# This would be alot of fun!



## Starbuck (Jun 15, 2007)

Def Leppard, Styx and REO Speedwagon will be in Hamilton at the Copps Coliseum on April 13, 2008. Tickets go on sale Saturday, January 19 at 10 a.m.


----------



## Robert1950 (Jan 21, 2006)

You weren't one of these kids I used to see in the 80s at the EX with those top hats with REO in silver sparkle, were you???


----------



## cbrown0019 (Jan 28, 2008)

I had seen Def Leppard, and Styx last time they came through Edmonton. It wasn't at all what I expected.
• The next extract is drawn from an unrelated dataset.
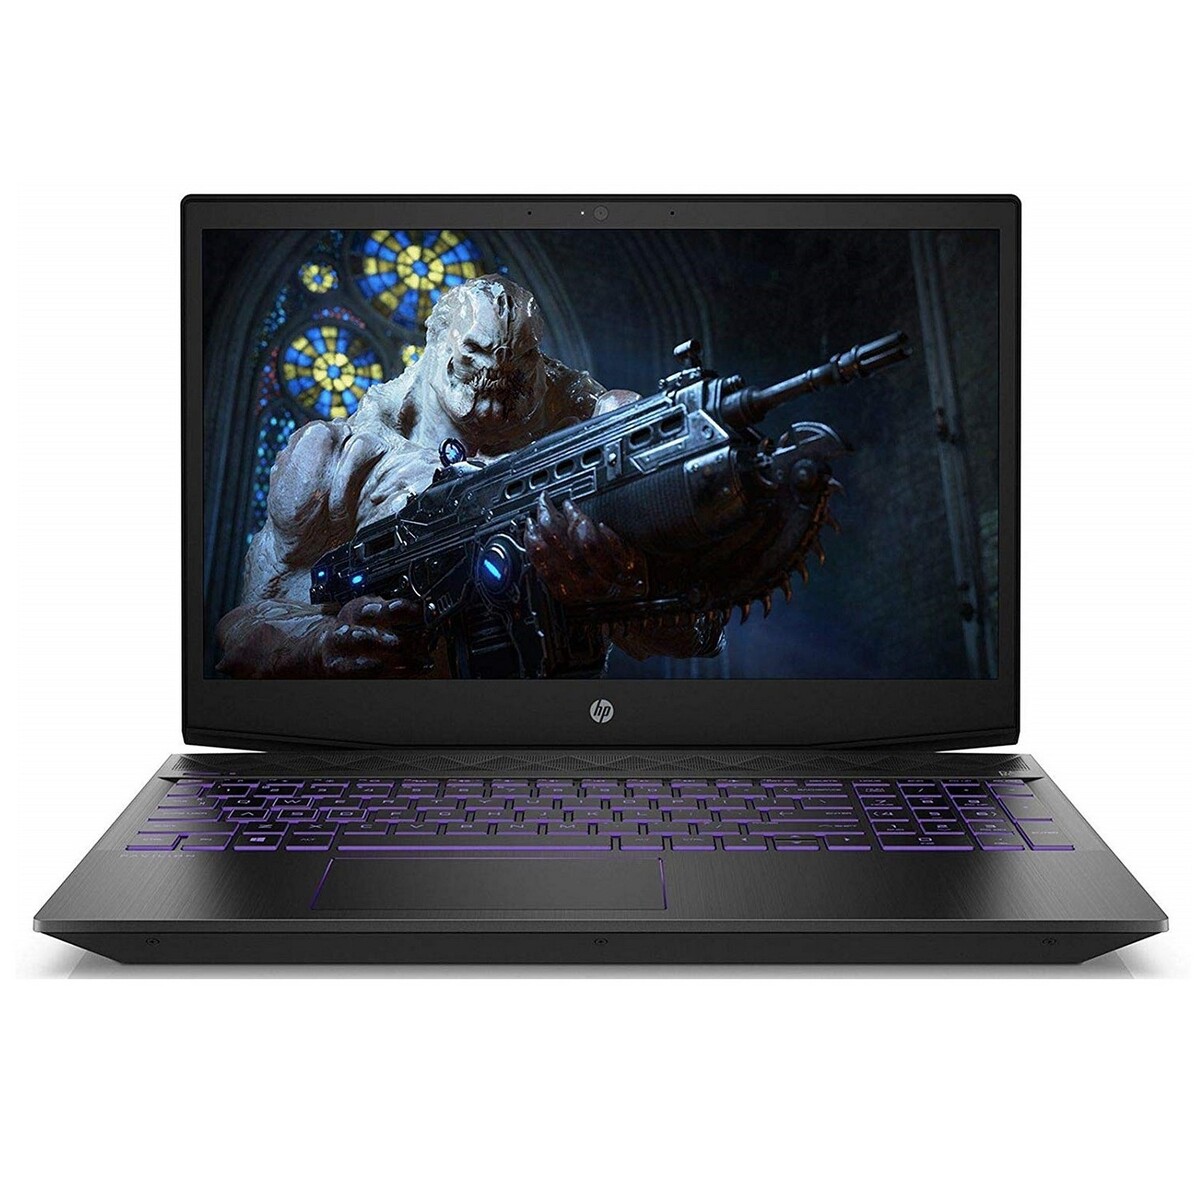 HP Gaming Notebook CX0144TX Core i7 8th Gen 15.6" Win10 Shadow Black

I personally thought, along with alot of the reviews, that Styx was MUCH better than Def Leppard. I actually ended up leaveing about 7 songs into Leppards set because it was that bad. Sound was terrible, vocals were terrible. Very unimpressed. That was the 3rd time I'd seen Def Leppard, and each time it got worse. Don't think I'd pay to see them again.

ahhhh*end rant*


----------



## GuitarsCanada (Dec 30, 2005)

I seen STYX a few years back at Hamiltom Place with Saga. I was very pleased with the show STYX put on. Way better than I had expected. Gowan added a lot to the band as well.


----------



## cbrown0019 (Jan 28, 2008)

GuitarsCanada said:


> I seen STYX a few years back at Hamiltom Place with Saga. I was very pleased with the show STYX put on. Way better than I had expected. *Gowan added a lot to the band as well*.


Exactly what I thought too. Brought alot of energy into there set. And even threw in some of his solo stuff.


----------